Bowen Acquisition Corp Announces Pricing of $60,000,000 Initial Public Offering
July 11 2023 - 6:45PM
Bowen Acquisition Corp (the “Company”) announced today that it
priced its initial public offering of 6,000,000 units at $10.00 per
unit. The Company’s units will be listed on the Nasdaq Global
Market (“Nasdaq”) and will begin trading tomorrow, July 12, 2023,
under the ticker symbol “BOWNU.” Each unit consists of one ordinary
share and one right entitling the holder thereof to receive
one-tenth of one ordinary share upon the completion of an initial
business combination, subject to adjustment. Once the securities
comprising the units begin separate trading, ordinary shares and
redeemable warrants are expected to be listed on Nasdaq under the
symbols “BOWN” and “BOWNR,” respectively.

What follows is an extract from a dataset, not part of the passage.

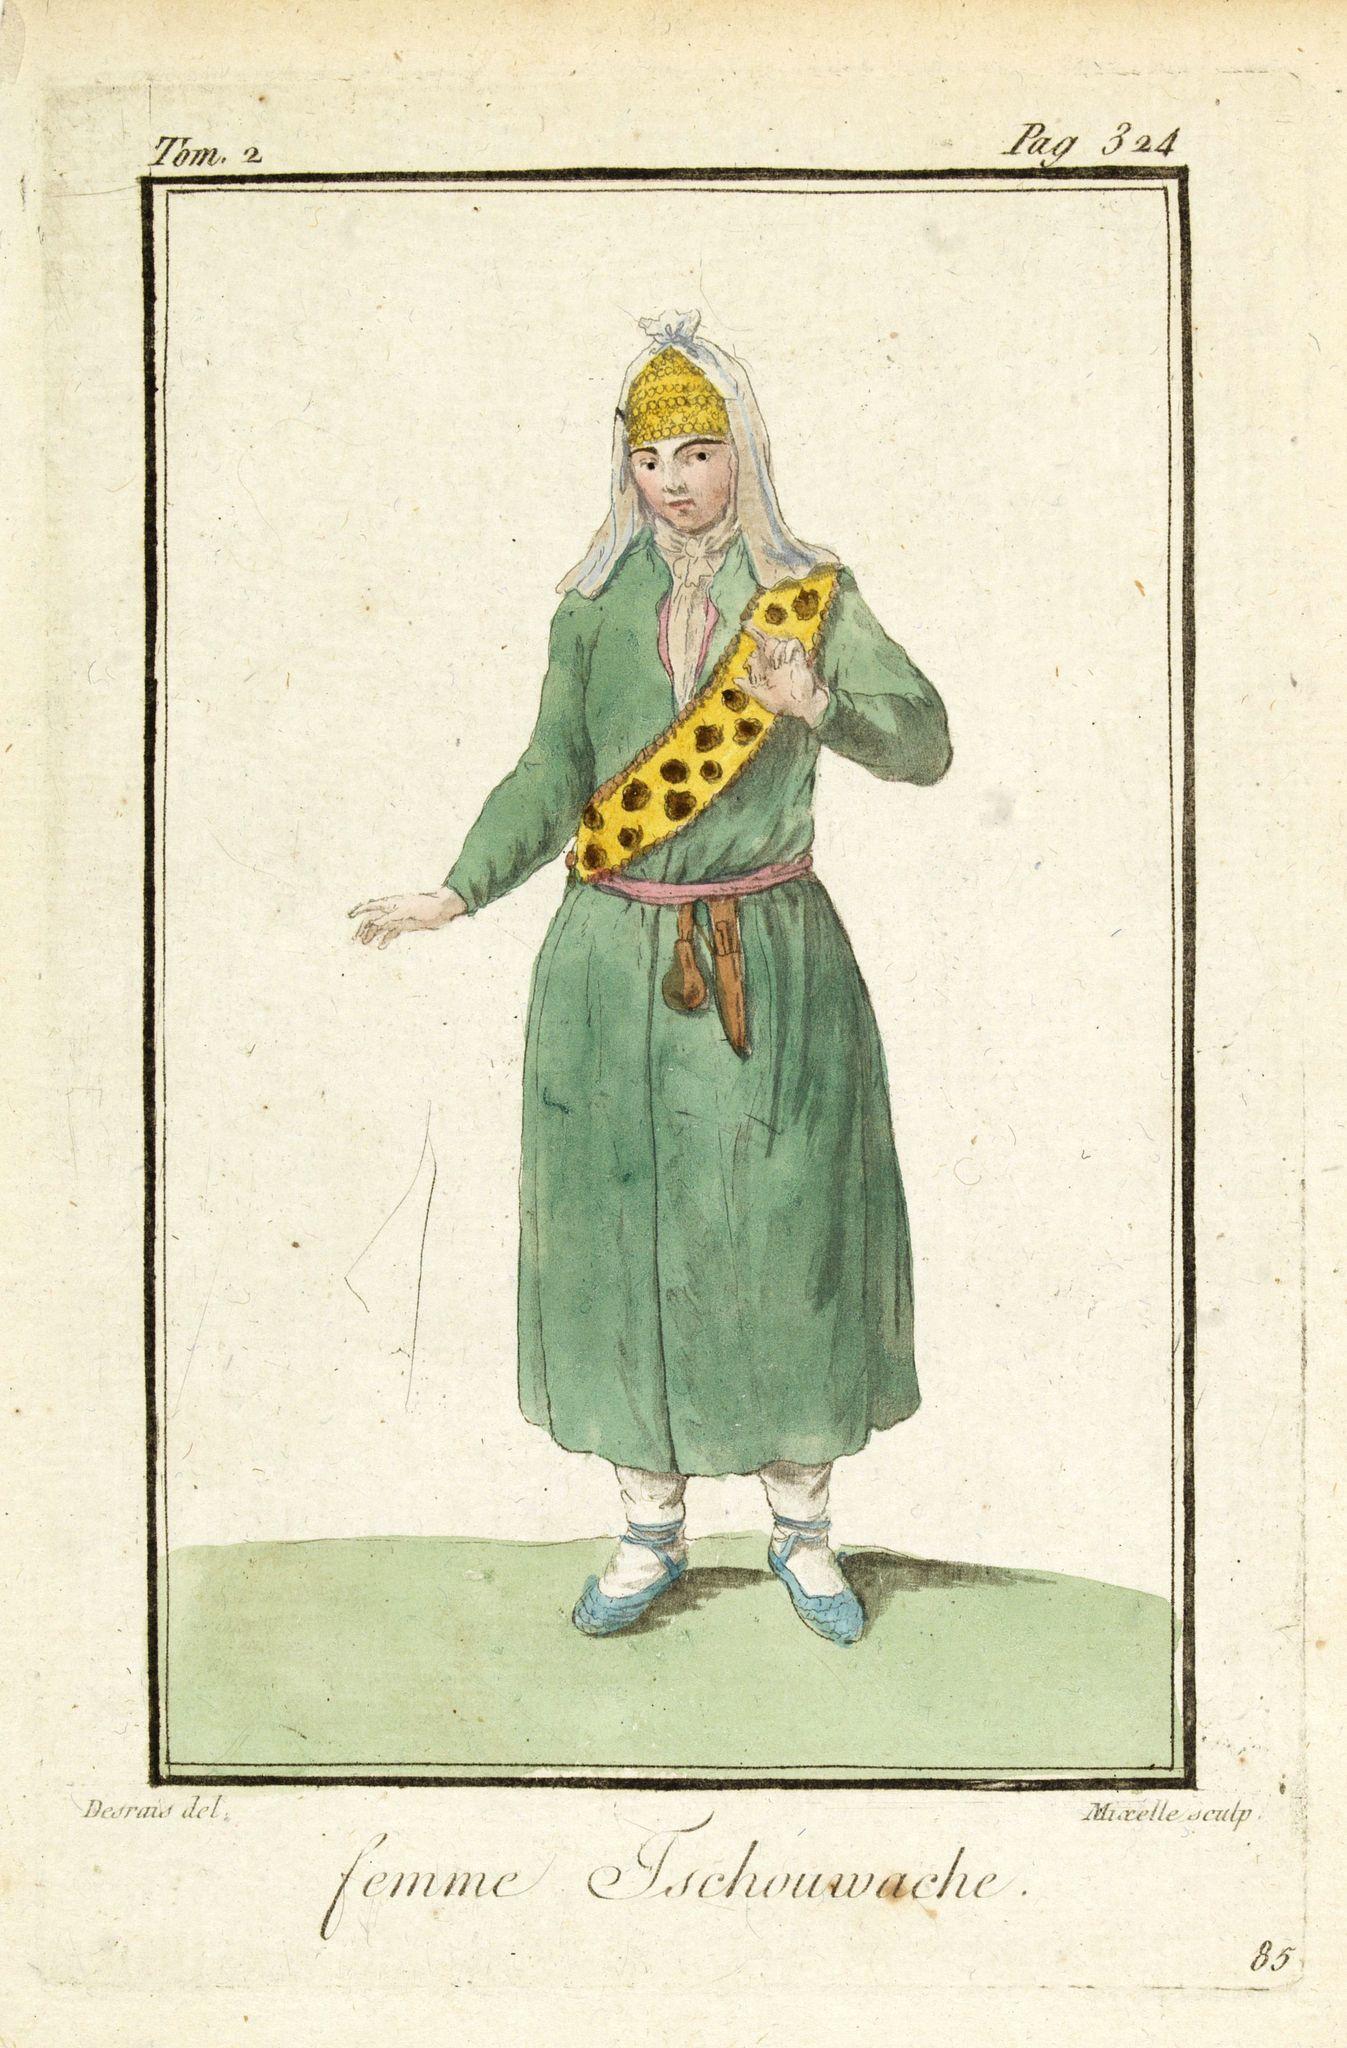 GRASSET DE SAINT SAUVEUR, J. -  Femme Tschouwache.

Bowen Acquisition Corp is a Cayman exempt
company formed as a blank check company for the purpose of entering
into a merger, share exchange, asset acquisition, share purchase,
recapitalization, reorganization or similar business combination
with one or more businesses or entities. The Company’s efforts to
identify a prospective target business will not be limited to a
particular industry or geographic region. The Company is led by its
Chairwoman of the Board, Na Gai, its Chief Executive Officer,
Jiangang Luo, its Chief Financial Officer, Jing Lu, and its
independent Directors, Lawrence Leighton, Wei Li, and Jun
Zhang.
EarlyBirdCapital, Inc. is acting as the
book-running manager for the offering and Revere Securities is
acting as co-manager for the offering. The Company has granted the
underwriters a 45-day option to purchase up to an additional
900,000 units at the initial public offering price to cover
over-allotments, if any. The offering is being made only by means
of a prospectus. Copies of the prospectus may be obtained, when
available, from EarlyBirdCapital, Inc., 366 Madison Avenue, New
York, New York 10017, Attention: Syndicate Department, or (212)
661-0200.
A registration statement relating to these
securities was filed with the Securities and Exchange Commission
(“SEC”) and was declared effective on July 11, 2023. This press
release shall not constitute an offer to sell or the solicitation
of an offer to buy, nor shall there be any sale of these securities
in any state or jurisdiction in which such an offer, solicitation
or sale would be unlawful prior to registration or qualification
under the securities laws of any such state or jurisdiction.
FORWARD-LOOKING STATEMENTS
This press release contains statements that
constitute “forward-looking statements,” including with respect to
the anticipated use of net proceeds. No assurance can be given that
the offering discussed above will be completed on the terms
described, or at all, or that the net proceeds of the offering will
be used as indicated. Forward-looking statements are subject to
numerous conditions, many of which are beyond the control of the
Company, including those set forth in the Risk Factors section of
the Company’s registration statement and preliminary prospectus for
the offering filed with the SEC. Copies are available on the SEC’s
website, www.sec.gov. The Company undertakes no obligation to
update these statements for revisions or changes after the date of
this release, except as required by law.